Learning how to process a pumpkin for making homemade pumpkin puree is a quick and straightforward process. So don’t be daunted by the large size of the squash
After you’ve done it once, you’ll probably never need to reference a recipe for it again.
Making homemade pumpkin puree will provide the main ingredient you need for just about all pumpkin and squash favorites. It only takes a few minutes of prep work to create something delicious.
From pumpkin pie from scratch, pumpkin cheesecake bars, ice cream, pumpkin ravioli and even pumpkin dog treats, there are so many wonderful ways to use pumpkin puree.

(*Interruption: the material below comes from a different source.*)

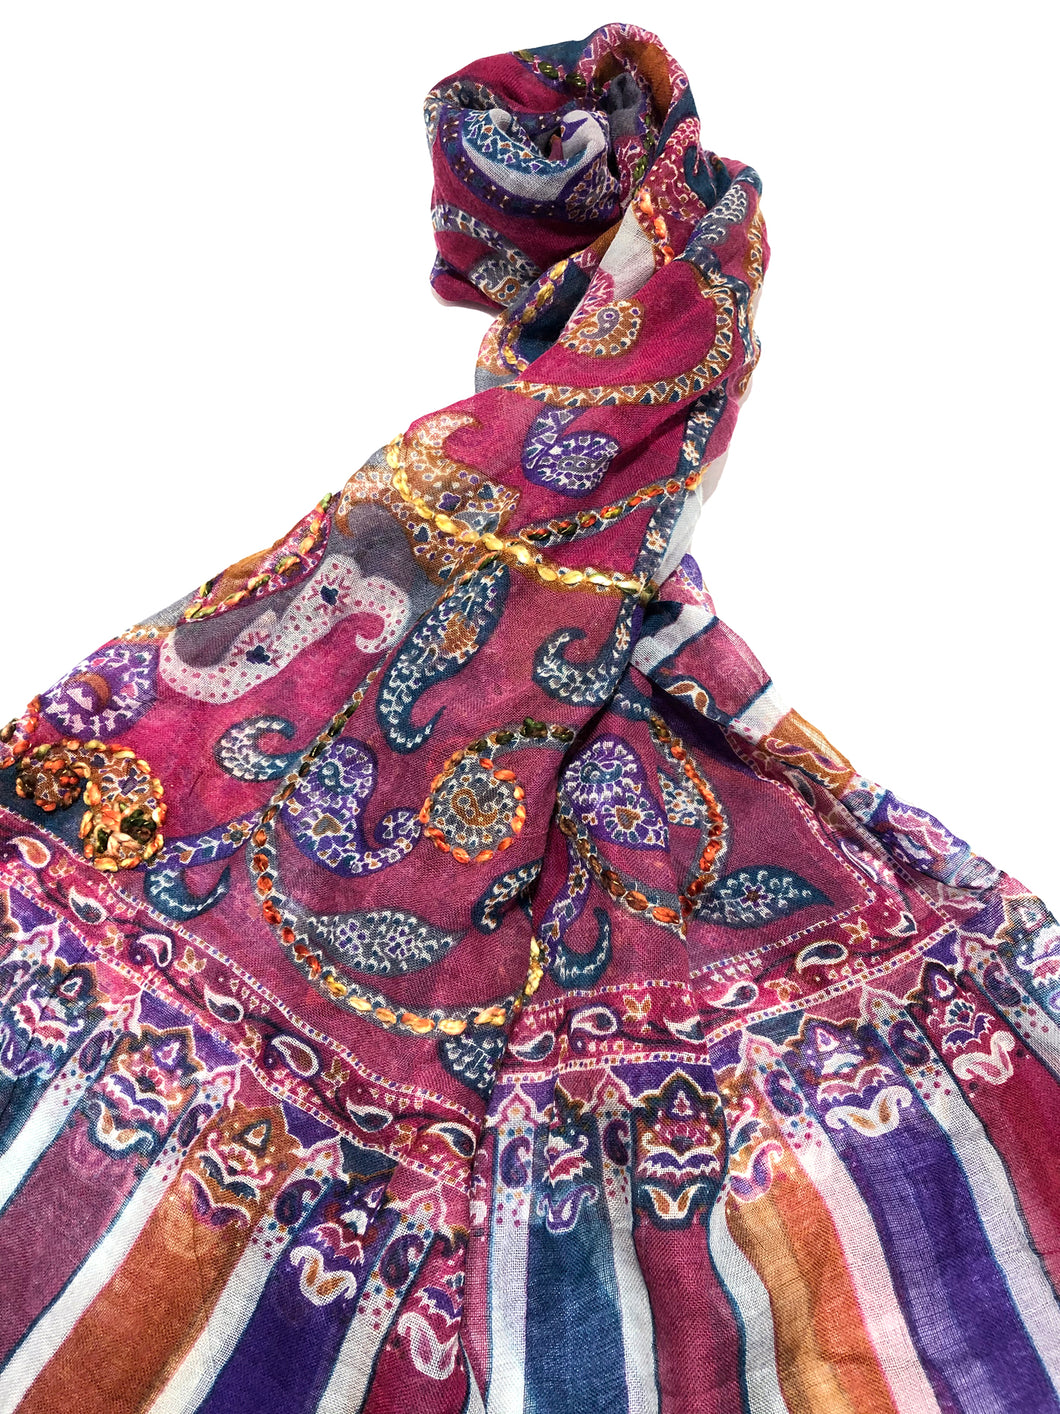 100% Light Wool Printed Embellished Pashmina Shawl ref-rflghwt0001

So once you learn these simple steps for how to process a pumpkin, you’ll be able to easily make all your favorite pumpkin recipes.
Before we get going with how to make pumpkin puree from fresh pumpkin, you need to pick out your squash, if you don’t already have it. If you’re not certain as to the best pumpkins for pumpkin pie, we’ll cover that here.
If you don’t need to know that and/or already have your pumpkin picked out, you can jump to one of these other articles or sections.
How to Process a Pumpkin
There’s more than one way to process a pumpkin, and we’ll get into that shortly. But if you need any of these other topics first, you can jump straight to them:
- Cutting pumpkins and squash
- How to bake a pumpkin
- How to process pumpkin seeds and stringy parts
Cutting Fresh Pumpkin
Halving a Pumpkin
Our writer, Sarah Hamelman, a homesteader in the mountain wilderness of Montana, likes to slice the pumpkin in half horizontally. She says that a horizontal cut is the easiest way for her, since it avoids the tough stem while opening the entire pumpkin at once.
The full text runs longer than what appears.